В ночь с 17 на 18 июля 1932 года двадцатидвухлетний геолог из Москвы Александр Рудольфович Гангнус с мягкими карими глазами и с такими же мягкими манерами недобитого интеллигента играл в «очко» с начальником сибирской станции Нижнеудинск в его прокуренном кабинете.
Со стены за ними неодобрительно наблюдал портрет Сталина, которого тогда уже начинали называть вождем, и даже великим, с легкой, но неосторожной руки еще не расстрелянного Карла Радека.
Сквозь висящие на окне липучие ленты, облепленные погибшими мухами, на противоположной стороне маленькой привокзальной площади с чахлыми деревцами и посеребренной карликовой фигуркой Ленина молодой геолог мог видеть светящийся не всеми, но некоторыми окнами родильный дом, где в этот момент мучилась схватками его жена – Зина Евтушенко, тоже двадцати двух лет и тоже геолог.
Еще находящийся в ней ребенок был зачат в прошлом году в походной палатке над Ангарой под шум волн и потрескивание медленно угасающего костра на месте изысканий будущей Братской ГЭС – той самой, о которой их сыну через тридцать с лишним лет будет суждено написать поэму.
Сразу после рождения его увезут из Нижнеудинска к бабушке, на соседнюю станцию Зима, которую он и будет по праву считать родиной.
Но пока что он, этот сын, еще не появился, и в его ожидании будущий отец коротал время за картами, в чем ему пугающе везло.
Рядом с Александром Рудольфовичем на зеленом сукне стола высилась груда выигранных им мятых денег.
За столом, уставленным пустыми бутылками из-под водки и тарелками с кладбищами окурков, погребенных в кровавом винегрете с редкими серебряными селедочными проблесками, сидело несколько крупно выпивших местных любителей острых ощущений – станционный бухгалтер, ветеринар, журналист районной газеты, но все они уже выбыли из игры, проигравшись дочиста, за исключением самого Александра Рудольфовича и еще державшегося начальника станции – в прошлом колчаковского офицера, перешедшего на сторону красных, а сейчас постепенно спивавшегося вместе с бывшими классовыми врагами.
Лоб начальника был усеян бусинами пота, волосы слиплись, глаза потерянно блуждали.
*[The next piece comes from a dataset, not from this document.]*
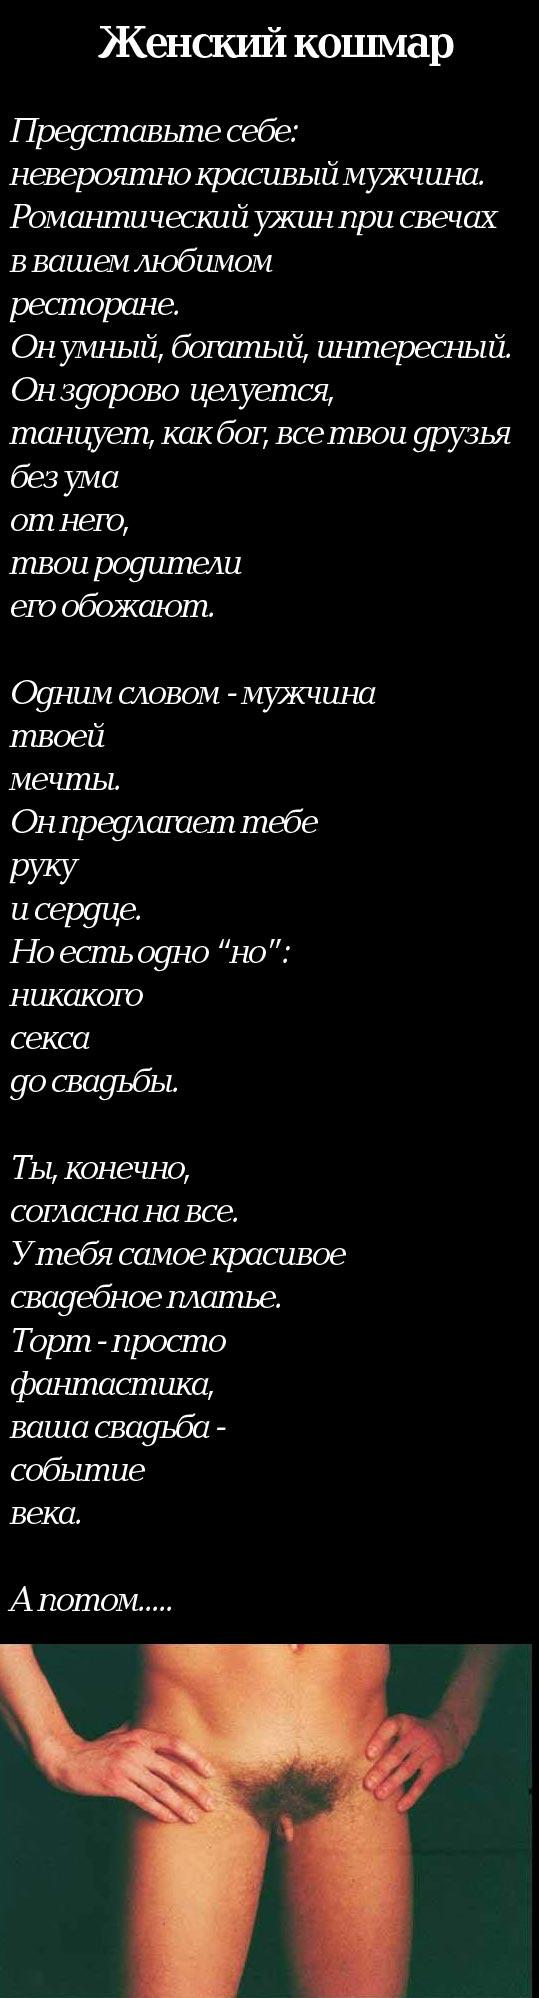 http://de.fishki.net/picsw/112007/13/koshmar/1.jpg

Уже несколько раз он знаком подзывал к себе бухгалтера и что-то шептал ему на ухо, после чего тот тоскливо съеживался, но послушно исчезал, а через некоторое время появлялся, передавая начальнику ниже уровня стола деньги, застенчиво обернутые в «Восточно-Сибирскую правду» с призывами к индустриализации и раскулачиванию.
В данный момент перед начальником, на дне перевернутой форменной железнодорожной фуражки с двумя перекрещенными молоточками, лежала сильно похудевшая очередная пачка денег, перехваченная резинкой, неумолимо тая с каждой новой ставкой.
Сперва начальник станции менял тактику, играя то по маленькой, то по крупной, но, оставшись один на один с обыгравшим всех москвичом, словно с цепи сорвался и начал бить только по банку, рассчитывая, что должен же когда-нибудь проиграть этот, так раздражавший своей дореволюционной вежливостью, чертов красавчик – везун с иностранной фамилией загадочного происхождения.
– Александр Рудольфович, а вы все-таки нам откройте, откуда у вас такая, как бы это сказать… пикантная фамилия? – пьяненько, но настырно пытался просверлить его журналист – Пимен районного значения. Если бы он знал, что лет через сорок, уже в глубокой пенсионной старости, будет пытаться описать эту ночь во всех подробностях, то, наверно, тогда пил бы меньше.
– А откуда у вас эта рубиновая заколка на галстуке? – не досадуя на его любопытство, но и не поощряя, улыбнулся Гангнус.
– Какая рубиновая заколка? – испуганно вздрогнул районный Пимен и, наконец догадавшись, обиженно и несколько разочарованно стряхнул алую винегретину с засаленного галстука.
– А вы делали когда-нибудь инъекцию хряку? Знаете ли вы, что такое жизнь районного ветеринара! А если не знаете, то можете ли понять душу России?! Согласитесь, Александр Рудольфович, что фамилия-то ваша все-таки для нашего русского уха странная… – пытался налить водку в граненый стакан из уже пустой бутылки, почти выжимая ее, неотмываемо пахнущий свинарником ветеринар, которого бесило, что ему уже не на что играть.
Как правило, национальным происхождением других слишком настойчиво начинают интересоваться именно те, кого что-нибудь бесит.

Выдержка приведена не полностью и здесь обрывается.